Il remercie sincèrement toutes les personnes qui ont accepté, avec beaucoup d’amabilité et de
patience, d’apporter leur témoignage, souvent avec émotion, et de revivre quelque temps leur vie
professionnelle.
Ses remerciements vont à tous ceux qui ont permis que cette contribution à l’Histoire française
des Polymères soit publiée sous l’égide des sociétés savantes qu’ils président, sous une forme
accessible à chacun : M.Olivier Homolle et les membres du bureau de la Société Chimique de France,
Mesdames Laurence Listel et Danièle Fauque, Présidentes du Club de l’Histoire de la Chimie,
Messieurs Pascal Barthélémy et Yves Gnanou, Présidents du Groupement Français des Polymères
Ses remerciements vont également à Marie-Claude Vitorge qui a assumé la charge de cette
publication et Anne Sophie Bressy qui a effectué une partie du travail de mise en forme informatique.

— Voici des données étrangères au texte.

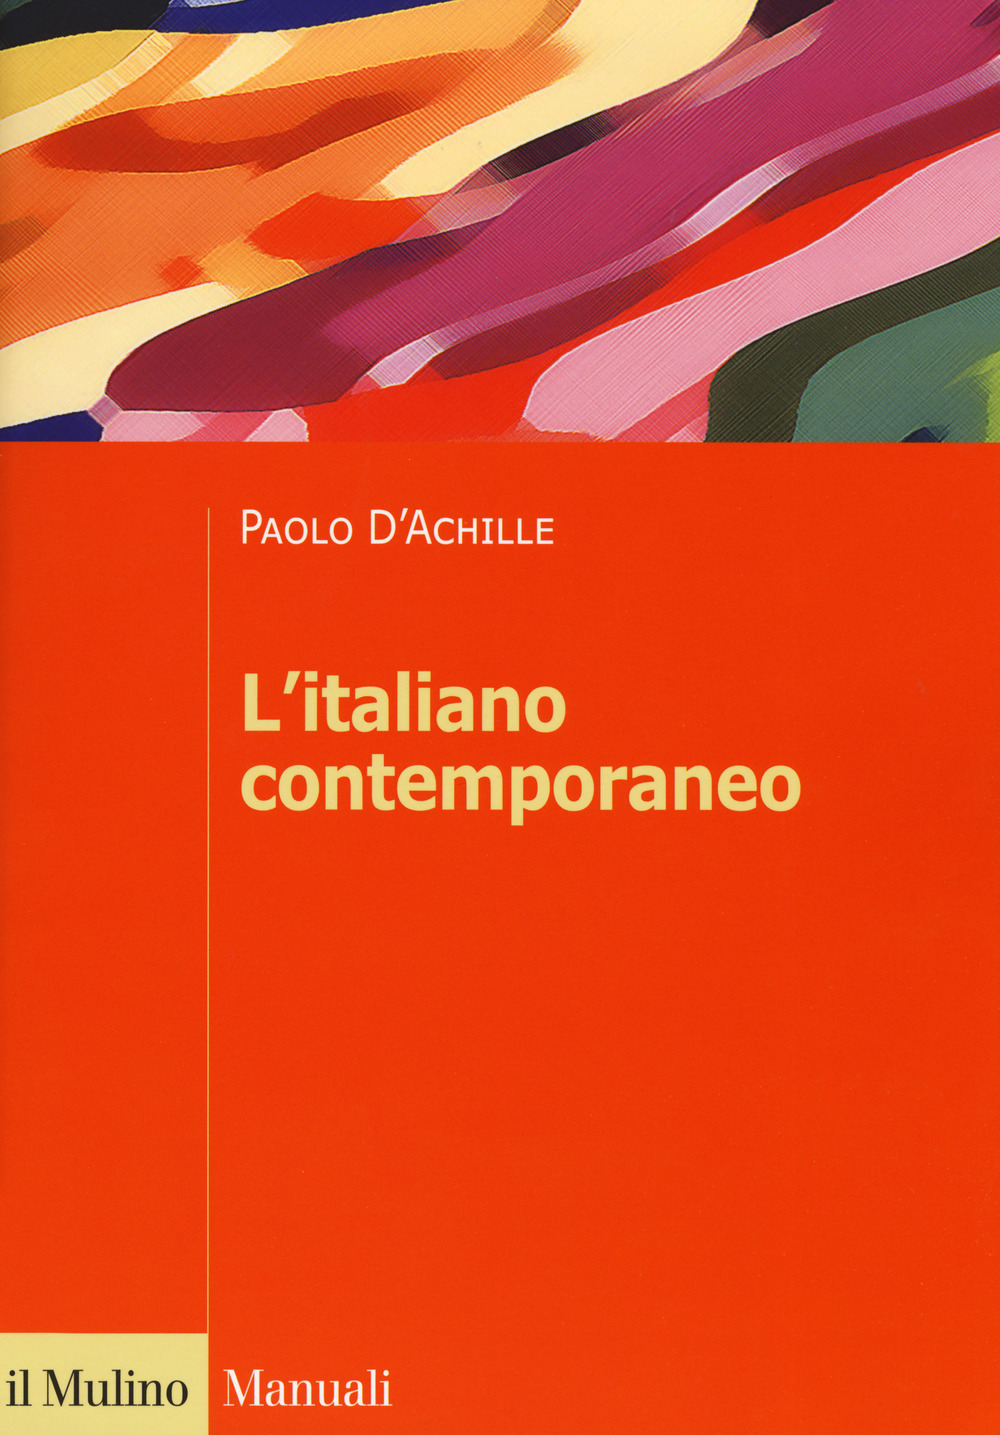 Libri Paolo D'Achille - L' Italiano Contemporaneo NUOVO SIGILLATO, EDIZIONE DEL 19/10/2019 SUBITO DISPONIBILE

L’auteur a une intention toute particulière pour Jean-Claude Daniel auquel il est lié par tant de
souvenirs passés, qui lui a apporté une aide efficace et bienveillante pour mener à bonne fin cette
publication.
Ce travail a demandé de nombreuses années. Il n’aurait pu être mené à bien sans la patience
affectueuse et l’aide de mon épouse Annie Michel à qui il est dédié. Je n’oublie pas également mon
frère, Guy-Jean Michel qui n’a pas hésité à effectuer un travail ingrat de relecture.